Le résultat est soit :

  • Négatif, il n’est pas confirmé que le bébé risque d’être atteint de trisomie 21, le processus de dépistage de trisomie 21 s’arrête là et le suivi de la grossesse se poursuit de façon normale.
  • Positif, il confirme que le bébé risque d’être atteint de trisomie 21.

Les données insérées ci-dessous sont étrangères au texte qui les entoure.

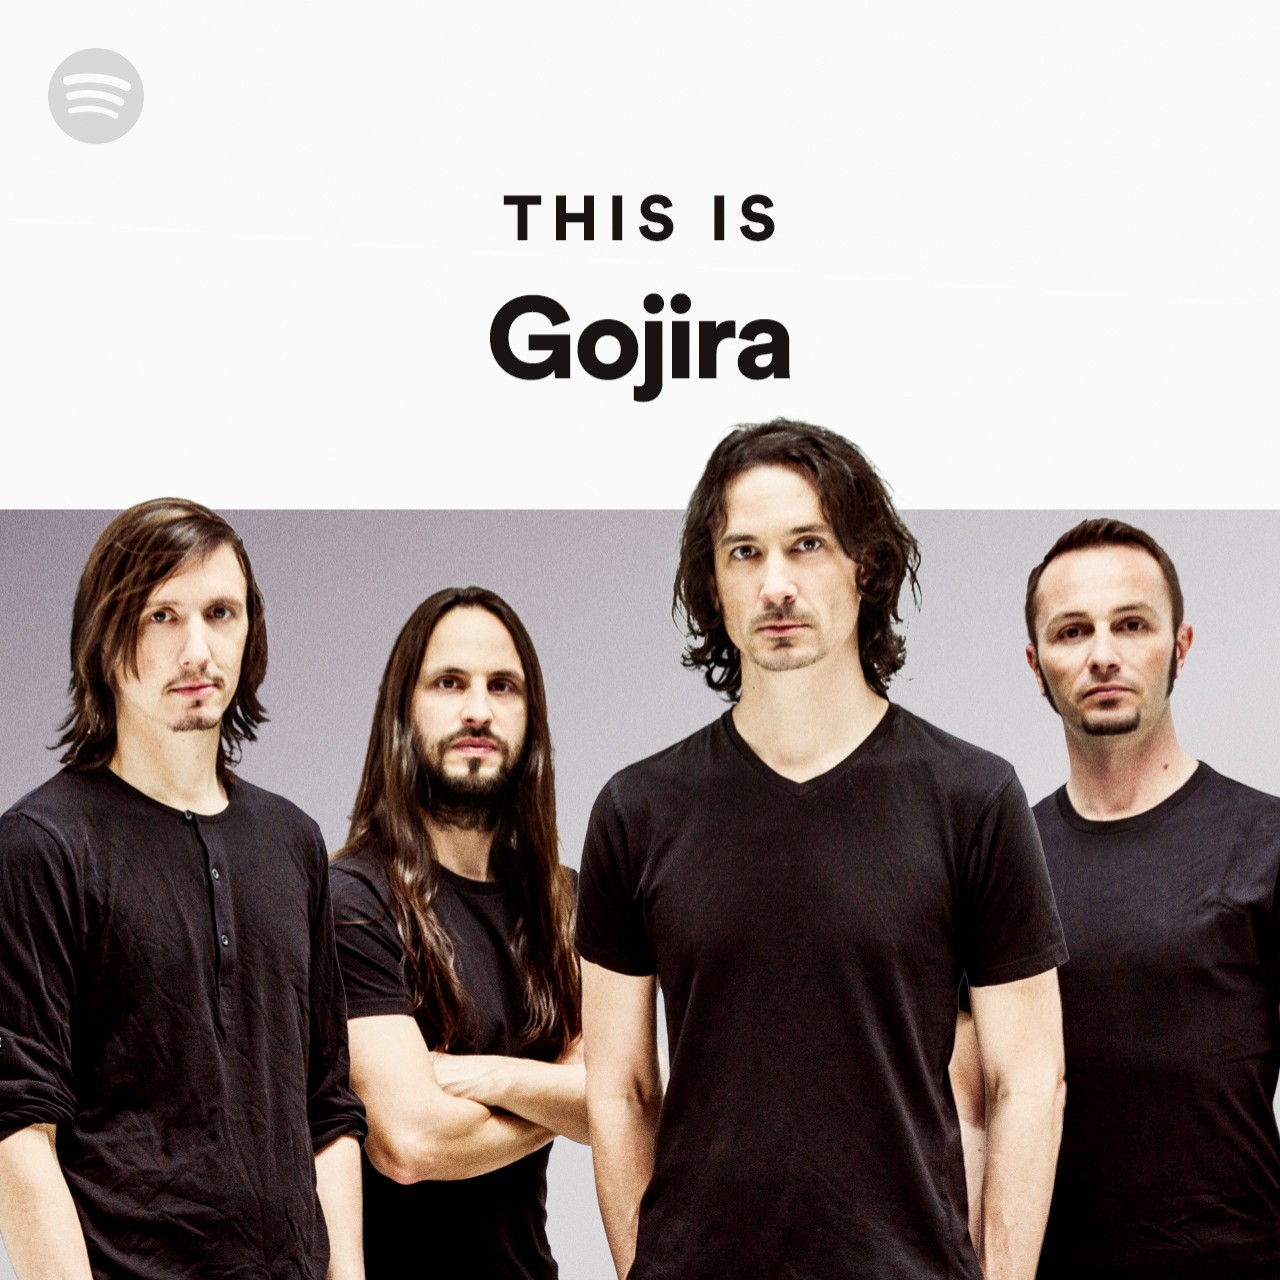 This Is Gojira

Dépistage de la Trisomie 21 : Un Choix Personnel

Le test de dépistage de la trisomie 21 n’est pas obligatoire. Souvent, pour se prémunir de toute responsabilité médico légale, les médecins le prescrivent d’office ou insistent pour qu’il soit réalisé. Mais la femme est libre de refuser le dépistage combiné et le DPNI. Le dépistage de la trisomie 21 n’est pas un simple test. Les femmes ne s’en rendent pas toujours compte mais sont amenées, souvent sans le vouloir, à remettre en cause la vie de leur bébé : « 40% des femmes qui ont eu une échographie et un dosage sanguin n’avaient pas conscience qu’elles pourraient être confrontées à un moment donné à la décision de ne pas poursuivre leur grossesse[3] ».

Risques et Enregistrement des Données

Le test de dépistage de la trisomie 21 peut amener à réaliser un test diagnostic qui peut être dangereux pour le bébé. En rentrant dans ce processus de dépistage la femme s’expose à l’éventualité de réaliser un test diagnostic qui peut provoquer la perte de son bébé. Les femmes qui font les tests de dépistage de la trisomie 21 sont enregistrées dans des fichiers nationaux.

Anxiété et Questionnements

Entrer dans le processus de dépistage de la trisomie 21 n’est pas anodin. Même si les deux premiers tests de dépistage ne sont pas dangereux pour la santé du bébé ou de la femme enceinte, ils restent anxiogènes, et projettent la femme dans le questionnement d’interrompre sa grossesse.

Enjeux et Perspectives d'Avenir

La médecine génétique prédictive ne cesse de progresser, et avec elle les enjeux éthiques des tests de dépistage prénatal. La question du diagnostic anténatal, que ce soit le DPN ou le DPI, fait toujours l'objet de débats et de craintes. Les craintes concernent particulièrement un élargissement possible des conditions relatives à l'utilisation du DPI. A l'heure actuelle, le tri d'embryon n'est autorisé qu'en cas de forte probabilité de maladie très grave et incurable au moment du diagnostic. De même pour le DPN : bien que les tests génétiques soient aujourd'hui autorisés en France uniquement pour les maladies dont on soupçonne la présence, les dérives sont aisément imaginables. Avec le séquençage d’ADN à haut débit, on pourrait envisager que toutes les maladies génétiques soient recherchées en même temps que celle soupçonnée.